LA PERSONNALITÉ DE CÉSAR

Cet homme au teint blanc, aux membres bien faits, au visage un peu trop plein, aux yeux noirs et vifs, au crâne dégarni, qui souffrait d’épilepsie, cherche sans cesse à séduire ; il a de nombreuses aventures féminines, notamment avec les épouses de tous ses alliés, ainsi qu’une longue liaison avec Servilia, la mère de Brutus, son protégé. Ses ennemis soulignent surtout ses amours masculines. Un véritable culte de son génie se développe ; à l’occasion de sa réforme du calendrier, le mois de sa naissance est nommé juillet. Dans les processions, sa statue est portée avec celle de la Victoire, et il reçoit le titre de divus, divin. Cherche-t-il à devenir roi ? Il est probablement tenté par une royauté à l’orientale (basileia). A l’imitation d’Alexandre , il prépare dans ce but, au début de 44, une grande expédition contre les Parthes, afin d’effacer les souvenirs de la guerre civile.

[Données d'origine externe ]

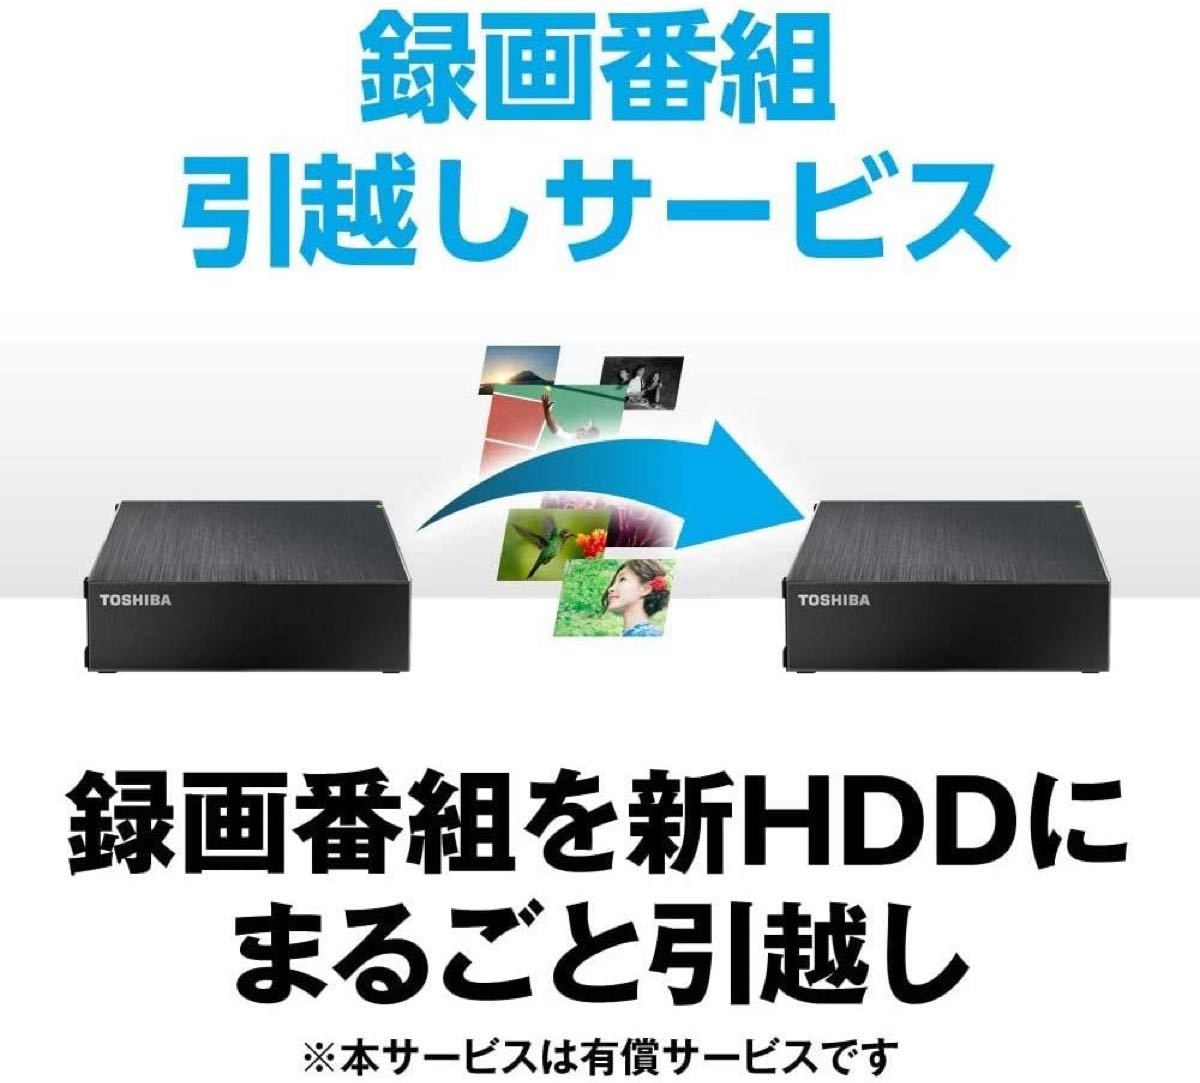 HD-TDA6U3-B [HD-TDAシリーズ 6TB ブラック] 外付けハードディスク

Ce personnage complexe, politique ambitieux et capitaine de génie, grand seigneur et démagogue, ne négligea jamais les lettres, même aux époques les plus actives de sa vie militaire ou politique. Il s’essaya dans divers genres avec talent ; excellent orateur, au dire de ses contemporains, il s’intéressa en outre aux problèmes de linguistique, de grammaire et de philologie.

Ses poèmes, son traité de grammaire théorique (Sur l’analogie, dédié en 52 à Cicéron) et l’Anticaton (45), un pamphlet contre Caton d’Utique, sont aujourd’hui perdus, mais la plus importante de ses œuvres, et la seule qui nous soit parvenue en entier, est un ouvrage d’histoire, les Commentaires, formés de deux parties : Sur la guerre des Gaules (De Bello Gallico), que Cicéron admirait beaucoup, et Sur la guerre civile (De Bello Civili).

Ce sont des mémoires, écrites avec un souci apparent d’objectivité, où César ne se met jamais en scène directement, mais qui, en dépit de cette attitude volontairement effacée, ont été clairement conçues dans une intention d’apologie personnelle. Chacun des livres de la Guerre des Gaules est consacré à l’une des sept campagnes de César en Gaule ; l’histoire de la Guerre civile relate ses luttes contre Pompée, qui se terminèrent par la défaite de ce dernier à Pharsale. Ces deux parties de l’œuvre historique de César sont du reste de valeur très inégale, la seconde étant de beaucoup inférieure à la première.